Invest in a buildable platform. Blockchain platforms will not satisfy all future needs at initial deployment, so the platform will need to be expanded and upgraded. Because so much time and so many resources go into government blockchain projects, the temptation is to build an aircraft carrier from the beginning, which only makes it more likely the pilot will not be completed, let alone move to production. Features should be added incrementally, and the new generation of blockchain platforms should have interoperability built in so that they can communicate with other networks.

Focus on the user incentive. The most successful blockchain applications, across all sectors, provide for easy onboarding and a built-in financial incentive. Remember that blockchain is first and foremost fintech. Securing or surfacing data from members of an ecosystem is a second-order use case because the financial benefit is not as clear as in the case of digital assets or DeFi. Absent a financial incentive, the public-sector organisation must have sufficient conviction to sponsor or mandate adoption by other members of the ecosystem. Land registry and digital passport solutions are examples of such government-mandated digital services. CBDCs are a financial asset and therefore should not run into this issue.

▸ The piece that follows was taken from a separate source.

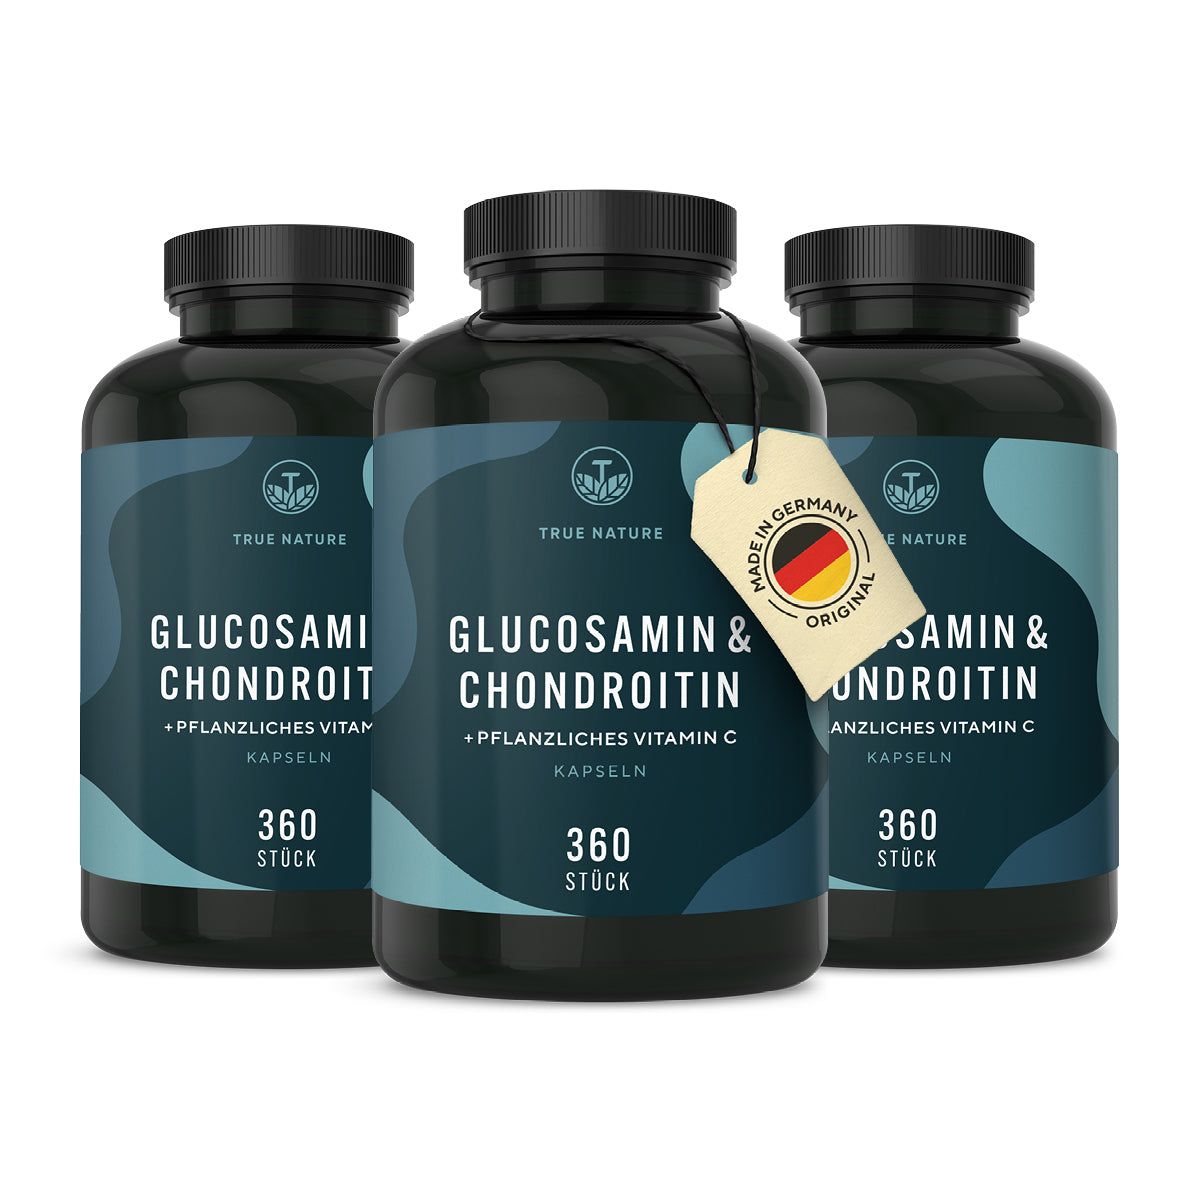 True Nature® Glucosamin & Chondroitin Kapseln mit Vitamin C

Embrace DeFi as an opportunity, not just a regulatory challenge. Both DeFi and enterprise blockchain rails can be used for government applications. Governments are far more comfortable working with non-DeFi blockchain technology because of the culture fit with the companies in this space, the absence of risky assets, controlled deployment of networks and superior data privacy features. However, DeFi models and the technologies that underlie them offer the rails with the quickest path to adoption. Governments and NGOs therefore need to consider a shift in innovation mindset if they don't want to fall behind on blockchain.